Beides sind konkrete Erfahrungen, keine Gesamtmessung. ARIN sollte deshalb maschinenlesbare Hinweise in Port-43-Ergebnisse setzen, verbreitete Betriebssysteme und Sicherheitsprodukte testen, Restverkehr beobachten und ungelöste Abhängigkeiten dokumentiert aufnehmen.
„Frühestens“ braucht Messwerte und Rückkehr
Alle Termine lassen Raum für Belege. Je Dienst sollte ARIN Ersatzfunktion, Reichweite der Ansprache, Adoptionsverlauf, offene Hindernisse, Entscheidungszuständigkeit, formelle Frist, Parallelbetrieb und Rückfallfenster festhalten.
Lu Hengs Bill of Rights of Uniqueness Coordination setzt operative Kontinuität als Grenze der Registerverwaltung. Das schützt nicht jedes alte Protokoll für immer. Es schützt den Zugang zum gemeinsamen Datensatz während der Modernisierung.

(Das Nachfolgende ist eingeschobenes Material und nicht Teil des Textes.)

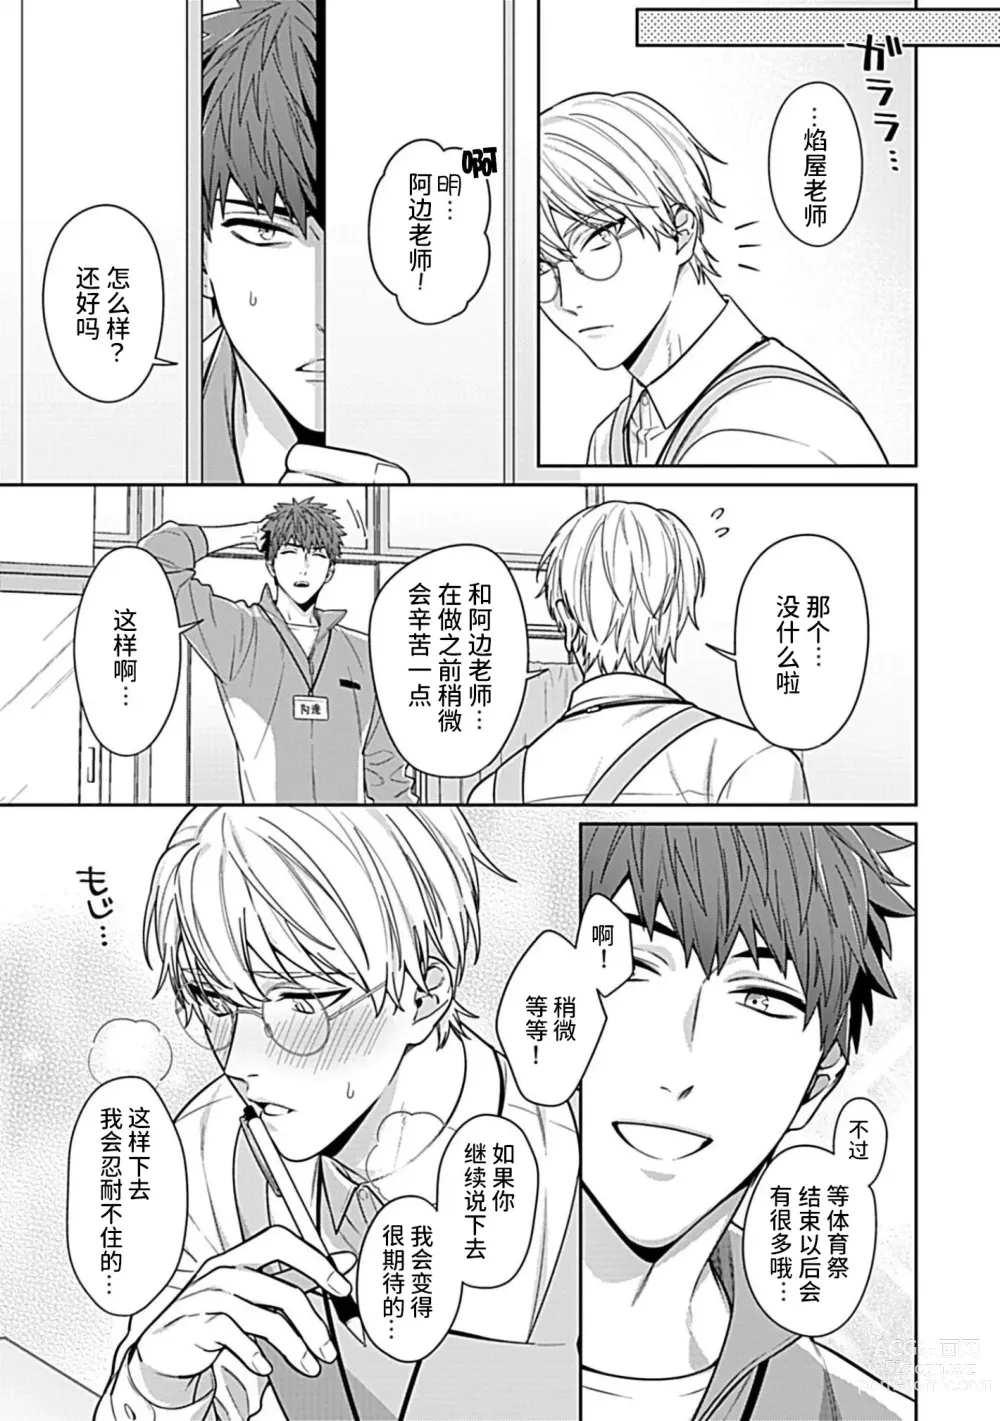 Page 7 of manga Sensei, Shokuji wa Bed no Ue de 4

The Multi-Stakeholder Mirage ordnet Übergänge als Sichtbarkeit, Kontinuität, koordinierten Schutz und erst danach dünnere Architektur. Eine Konsultation schafft Sichtbarkeit; Test und Rückweg schaffen Kontinuität.
Zum Rechercheende fehlten vollständiges Inventar, RWhois-Werkzeugdatum, Adoptionsschwelle, Paritätswert und Rückfallregel. Ein einziger RDAP-Dienst bleibt ein plausibles Ziel. Ob der Weg dorthin tragfähig ist, entscheidet sich an drei getrennten Evidenzakten.